GIVEN INFORMATION:
- - - - - - -
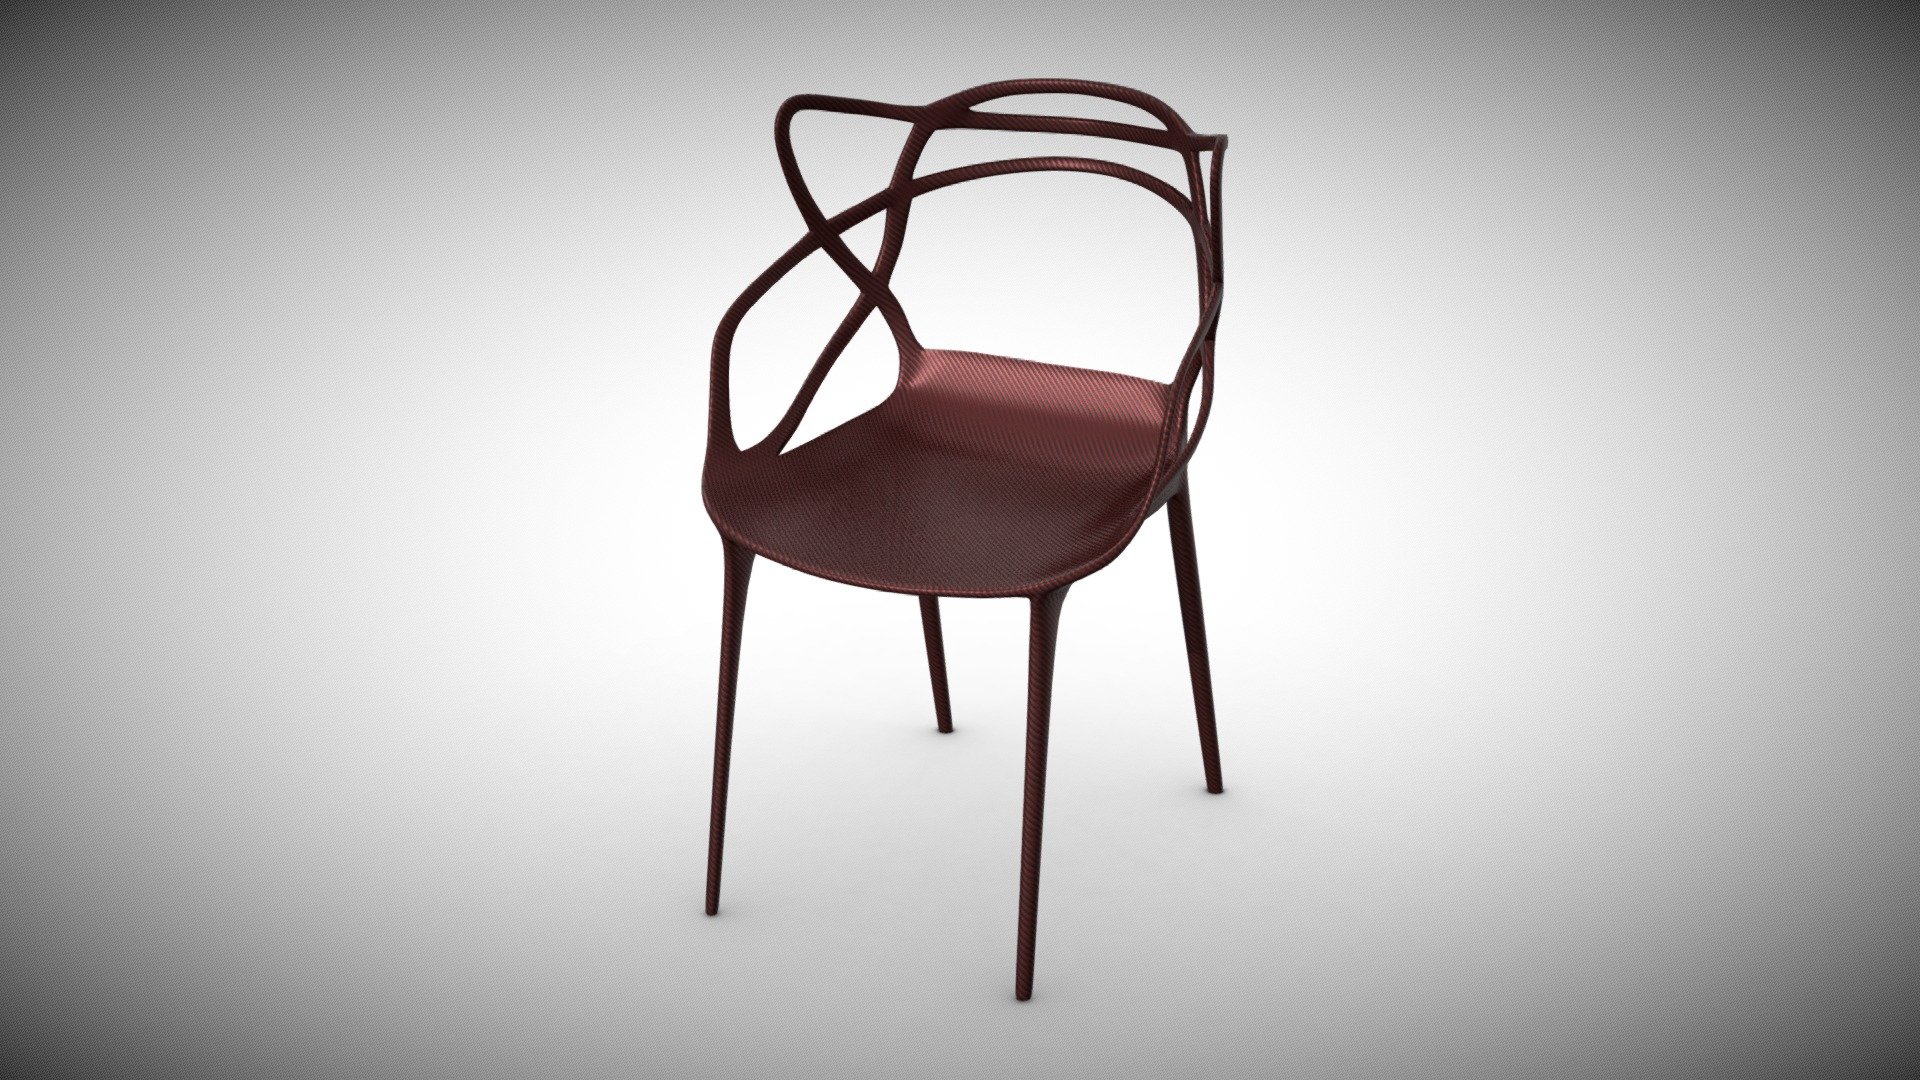 High poly model of a designer chair made up of carbon fiber 3d model
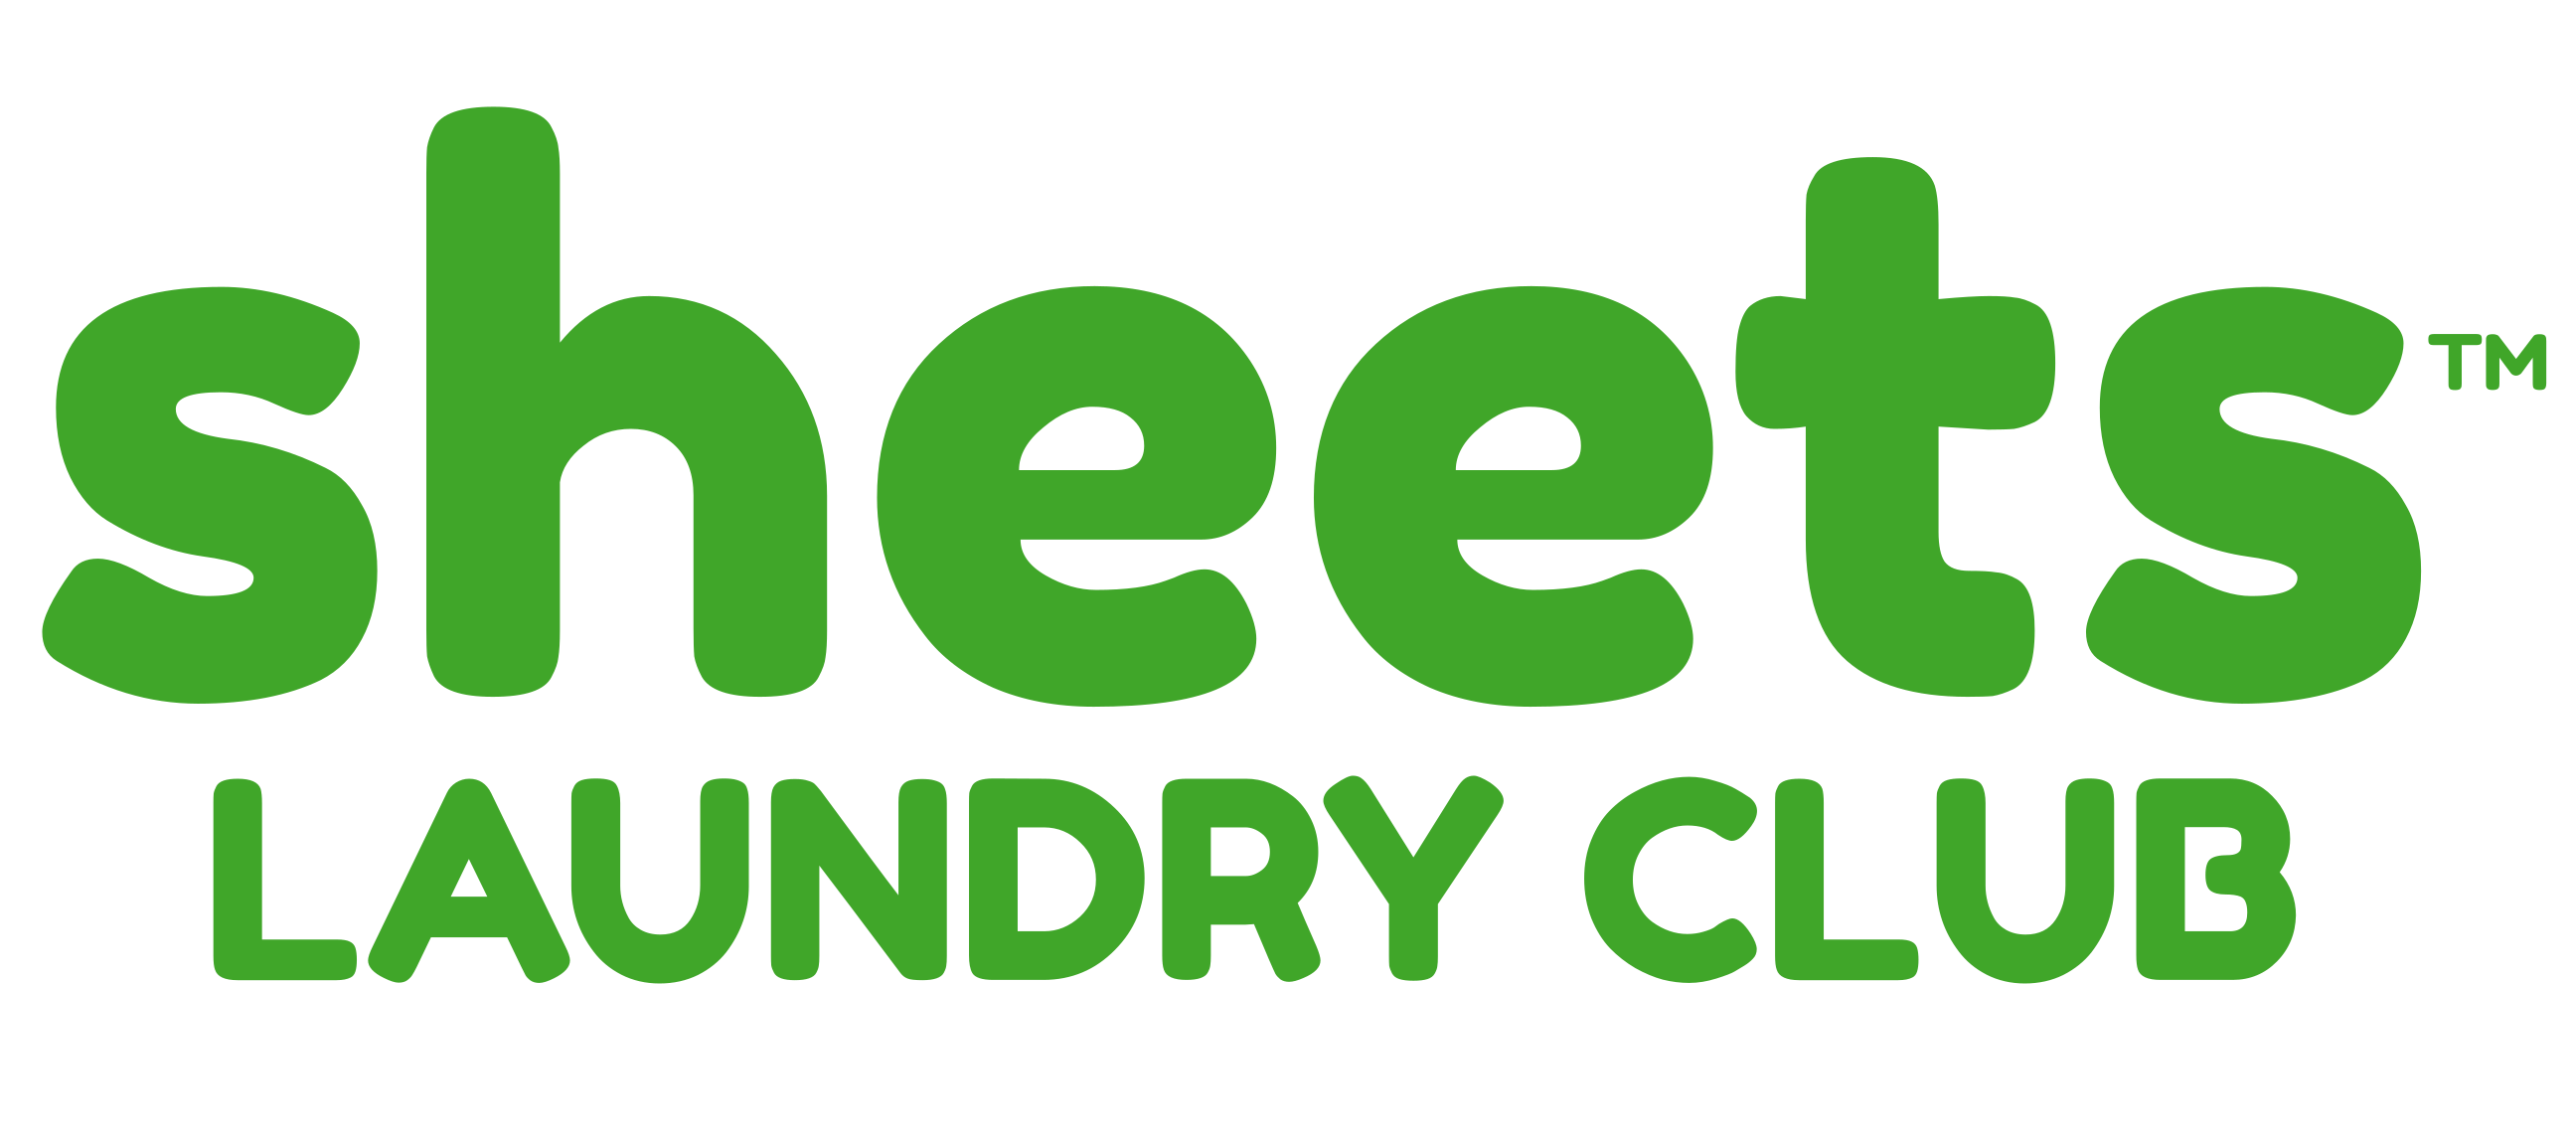 sheets-laundry-club-pro logo
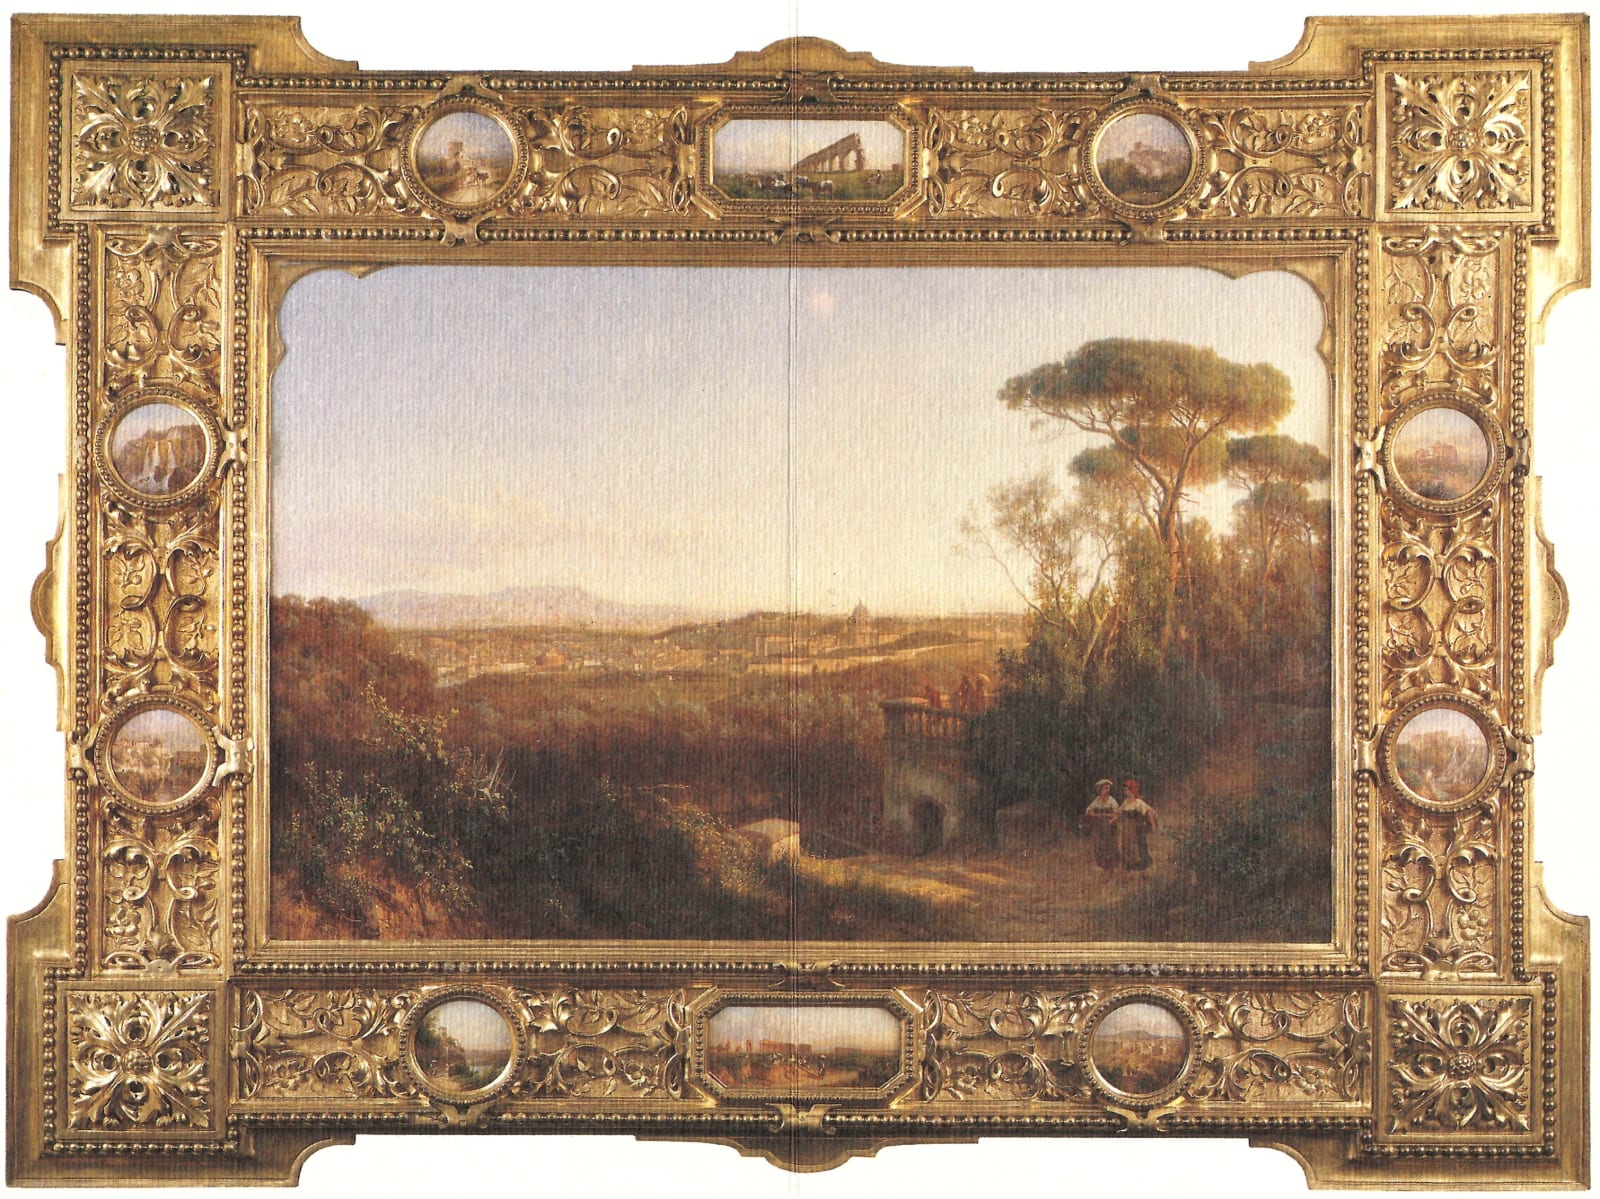 Andrea MARKO' , View of Rome from Monte Mario, 1881
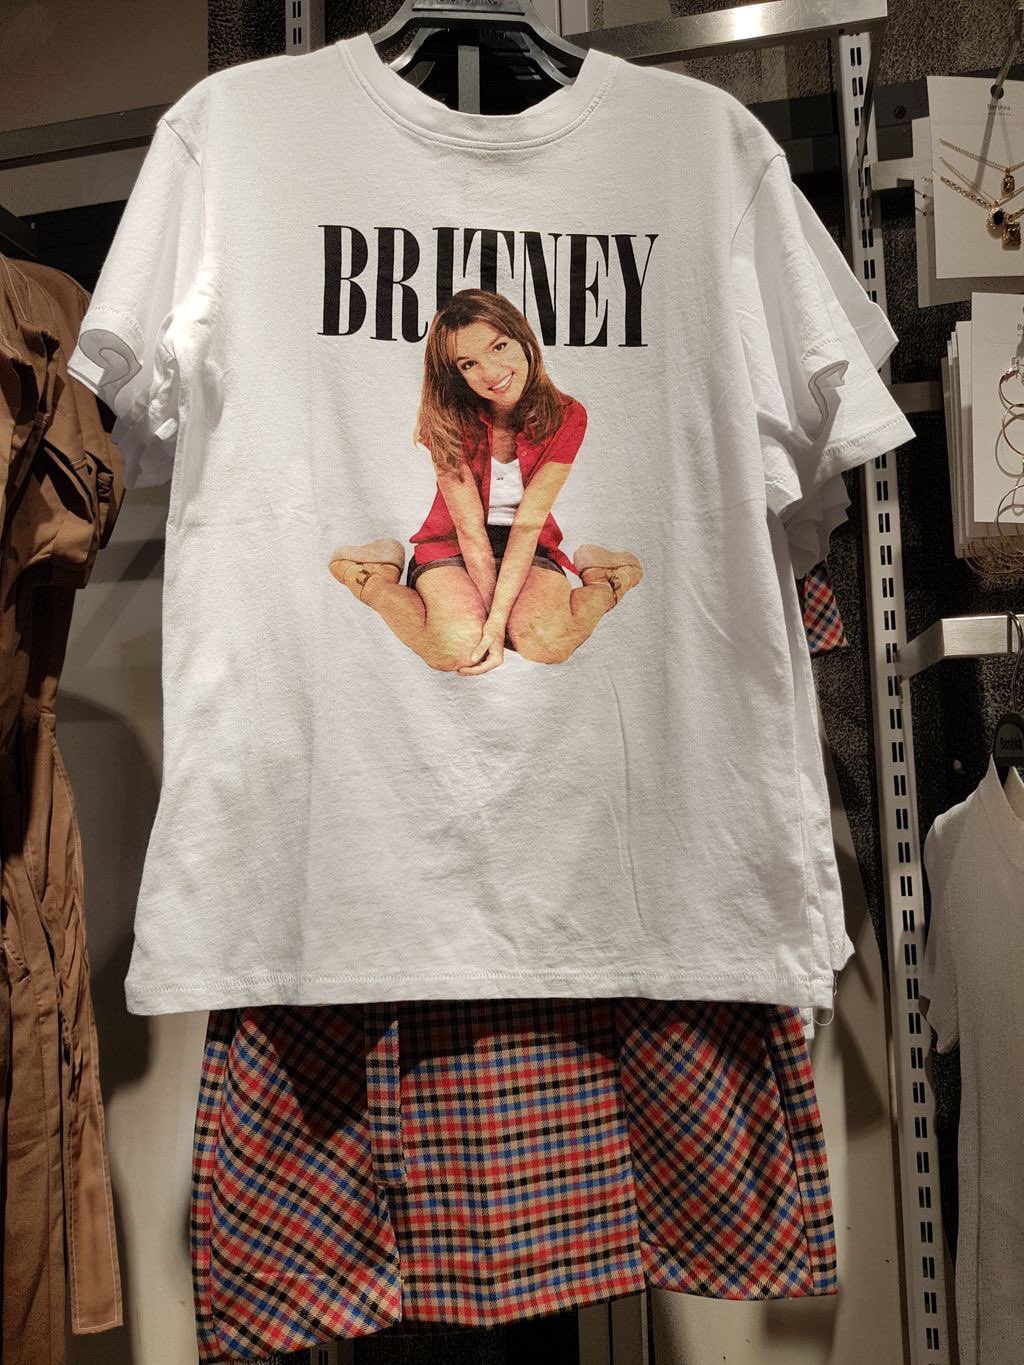 Indirecto paciente exageración 🎄꧁☆☬๖ۣۜViͥckͣyͫ☬☆꧂🎄 on Twitter: "Necesito esta camiseta del @Bershka  @Bershka_ES osea YA!! @britneyspears #BritneyForever #BritneySpears  #ItsBritneyBitch #Bershka https://t.co/fjBOrGJMkt" / Twitter
- - - - - - -
YOUR ASSIGNMENT: Reproduce word for word only the lines between the line containing "sheets-laundry-club-pro logo" and the end of the listing above, both included, and drop any pictures.

EXERCISE OUTPUT:
 sheets-laundry-club-pro logo
 Andrea MARKO' , View of Rome from Monte Mario, 1881
 Indirecto paciente exageración 🎄꧁☆☬๖ۣۜViͥckͣyͫ☬☆꧂🎄 on Twitter: "Necesito esta camiseta del @Bershka  @Bershka_ES osea YA!! @britneyspears #BritneyForever #BritneySpears  #ItsBritneyBitch #Bershka https://t.co/fjBOrGJMkt" / Twitter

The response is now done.